*** SOURCE MATERIAL ***

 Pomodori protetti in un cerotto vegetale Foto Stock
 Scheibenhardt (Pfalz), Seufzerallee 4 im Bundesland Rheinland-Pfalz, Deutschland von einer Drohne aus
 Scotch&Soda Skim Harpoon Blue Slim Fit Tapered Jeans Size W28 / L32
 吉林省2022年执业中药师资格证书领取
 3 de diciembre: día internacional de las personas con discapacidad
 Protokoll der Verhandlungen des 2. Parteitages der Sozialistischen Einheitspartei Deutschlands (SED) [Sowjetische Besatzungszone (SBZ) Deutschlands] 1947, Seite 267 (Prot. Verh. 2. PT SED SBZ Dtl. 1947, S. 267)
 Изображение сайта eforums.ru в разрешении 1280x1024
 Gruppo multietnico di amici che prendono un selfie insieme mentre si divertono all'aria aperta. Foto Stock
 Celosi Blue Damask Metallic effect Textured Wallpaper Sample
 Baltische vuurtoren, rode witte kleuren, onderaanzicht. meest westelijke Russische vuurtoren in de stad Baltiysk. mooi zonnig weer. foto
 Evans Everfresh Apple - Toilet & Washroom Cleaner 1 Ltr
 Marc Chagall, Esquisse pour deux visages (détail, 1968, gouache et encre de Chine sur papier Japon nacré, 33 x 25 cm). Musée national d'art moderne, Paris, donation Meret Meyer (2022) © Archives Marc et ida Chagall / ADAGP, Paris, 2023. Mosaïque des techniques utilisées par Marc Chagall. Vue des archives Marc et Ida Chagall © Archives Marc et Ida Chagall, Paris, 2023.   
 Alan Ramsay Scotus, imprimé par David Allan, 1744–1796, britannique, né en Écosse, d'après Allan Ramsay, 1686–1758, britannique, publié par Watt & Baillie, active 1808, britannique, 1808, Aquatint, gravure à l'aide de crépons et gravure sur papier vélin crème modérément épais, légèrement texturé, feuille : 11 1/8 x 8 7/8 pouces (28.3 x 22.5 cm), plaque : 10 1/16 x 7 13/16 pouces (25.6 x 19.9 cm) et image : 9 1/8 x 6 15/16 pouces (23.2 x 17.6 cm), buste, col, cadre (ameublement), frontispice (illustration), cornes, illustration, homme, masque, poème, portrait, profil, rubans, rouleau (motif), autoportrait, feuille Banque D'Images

*** End of SOURCE MATERIAL ***

◆ **BRIEF**
Write out word for word every line from the one containing "Gruppo multietnico di" through the last line of the data, and no other line.

◆ **REPLY**
 Gruppo multietnico di amici che prendono un selfie insieme mentre si divertono all'aria aperta. Foto Stock
 Celosi Blue Damask Metallic effect Textured Wallpaper Sample
 Baltische vuurtoren, rode witte kleuren, onderaanzicht. meest westelijke Russische vuurtoren in de stad Baltiysk. mooi zonnig weer. foto
 Evans Everfresh Apple - Toilet & Washroom Cleaner 1 Ltr
 Marc Chagall, Esquisse pour deux visages (détail, 1968, gouache et encre de Chine sur papier Japon nacré, 33 x 25 cm). Musée national d'art moderne, Paris, donation Meret Meyer (2022) © Archives Marc et ida Chagall / ADAGP, Paris, 2023. Mosaïque des techniques utilisées par Marc Chagall. Vue des archives Marc et Ida Chagall © Archives Marc et Ida Chagall, Paris, 2023.   
 Alan Ramsay Scotus, imprimé par David Allan, 1744–1796, britannique, né en Écosse, d'après Allan Ramsay, 1686–1758, britannique, publié par Watt & Baillie, active 1808, britannique, 1808, Aquatint, gravure à l'aide de crépons et gravure sur papier vélin crème modérément épais, légèrement texturé, feuille : 11 1/8 x 8 7/8 pouces (28.3 x 22.5 cm), plaque : 10 1/16 x 7 13/16 pouces (25.6 x 19.9 cm) et image : 9 1/8 x 6 15/16 pouces (23.2 x 17.6 cm), buste, col, cadre (ameublement), frontispice (illustration), cornes, illustration, homme, masque, poème, portrait, profil, rubans, rouleau (motif), autoportrait, feuille Banque D'Images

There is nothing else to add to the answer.